Trenton, NJ (WorkersCompensation.com) – New legislation proposed in N.J. would create a “portable benefits” system for independent contractors to ensure they are covered by workers’ compensation, health insurance and paid time off.
The legislation, introduced by Rep. Troy Singleton, D-Delran, would require companies who use independent contractors or freelancers to pay fees to a nonprofit benefits provider that would cover the gig employees with benefits that would stay with them regardless of their employer.
Singleton said his hope is to modernize the benefit system to incorporate new work modes.
“New technology has yielded a modern economy that allows greater flexibility for independent contractors but because many of their jobs do not come with health insurance, retirement plans or paid leave, these workers are more vulnerable than many of their counterparts in the traditional workforce,” he said in a statement. “The way that people work may be transforming, but the notion that all workers deserve to be treated with respect and should have access to benefits that will foster their long-term well-being has not changed.”

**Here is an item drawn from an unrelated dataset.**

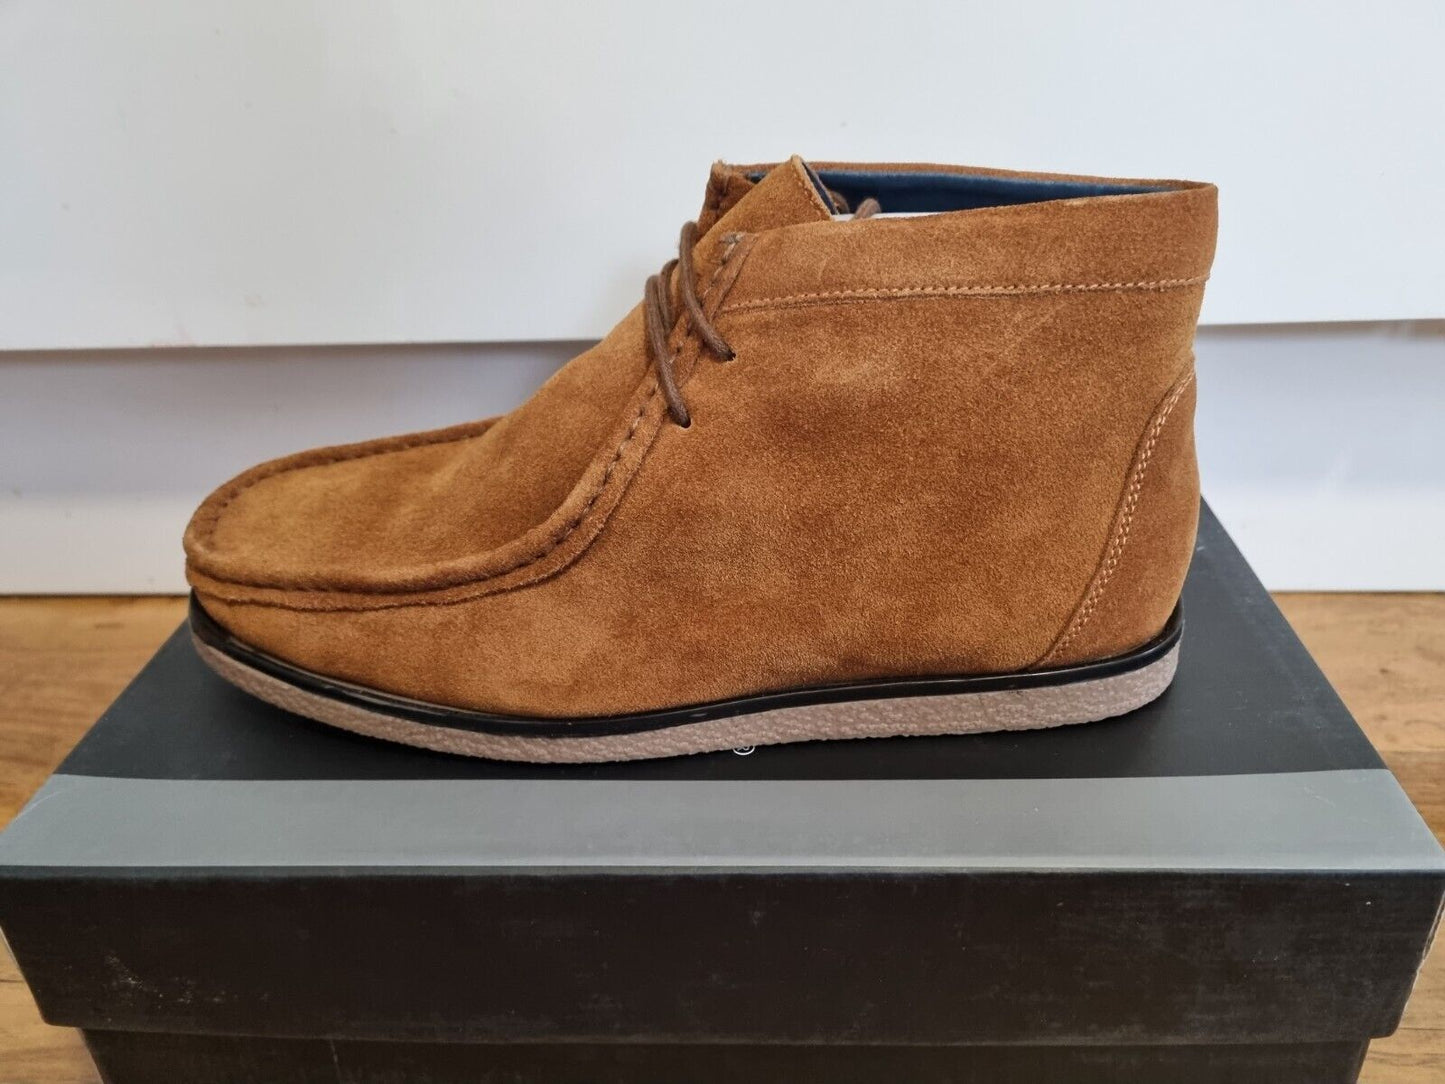 Desert Boot by Roamers - Apron Para Style - Tan Suede Leather (M192BS)

Singleton previously had said in an opinion piece in the Star-Ledger that more than a third of all U.S. workers are working “gigs” that are either part-time, temporary or a secondary income to full-time jobs.
Senate Bill 943 would require companies to contribute a fee of either $6 for every hour the freelancer works for them, or 25 percent of the total fee the company collects from a consumer for the product or service provided by the freelancer.
The fee would then go to a nonprofit “qualified benefit provider” chosen by the freelancer to cover the cost of workers’ compensation insurance or occupational accident insurance, as well as other benefits the worker can chose to enroll in. Workers would not be required to enroll in the coverage, however, and if they chose not to participate, they would receive half of the fee paid by the company.
“In addition to workers’ compensation insurance, qualified benefit providers must provide some or all of other, optional benefits. Qualified benefit providers must solicit input from workers on their benefits, and allow workers to choose from available benefits or allocate the contributions among the following benefits:
- Health insurance, including but not limited to subsidies to purchase health insurance;
- Paid time off;
- Retirement benefits; and
- Other benefits determined by the qualified benefit providers, on behalf of the workers.
The law, if passed, would apply to businesses that employ more than 50 independent contractors in a 12-month period. Mostly aimed at companies like Uber, Lyft and other job sharing companies, the bill has received praise from some companies, but criticism from others.
Denzel Singletary, a representative of Postmates, a company that hires drivers to deliver food and other goods from vendors to consumers, praised the bill. Postmates has nearly 10,000 contractors in New Jersey, many of whom work on average between three and five hours a week.
“It is incumbent on the tech industry, organized labor and legislators to forge a new social compact that provides flexible app workers appropriate benefits and injury and civil rights protections,” Singletary said during a hearing for the bill in the state’s Labor Committee.
But others said the bill needs work.
Alida Kass, with the New Jersey Civil justice Institute, said the bill may create a “dis-incentive” for companies to hire gig workers in New Jersey because the proposed benefits fee would be an added fee, instead of being deducted out of a workers’ paycheck.
The bill passed out of committee by a 3 to 1 vote. It now goes before the Senate Budget and Appropriations Committee before going to the New Jersey Assembly.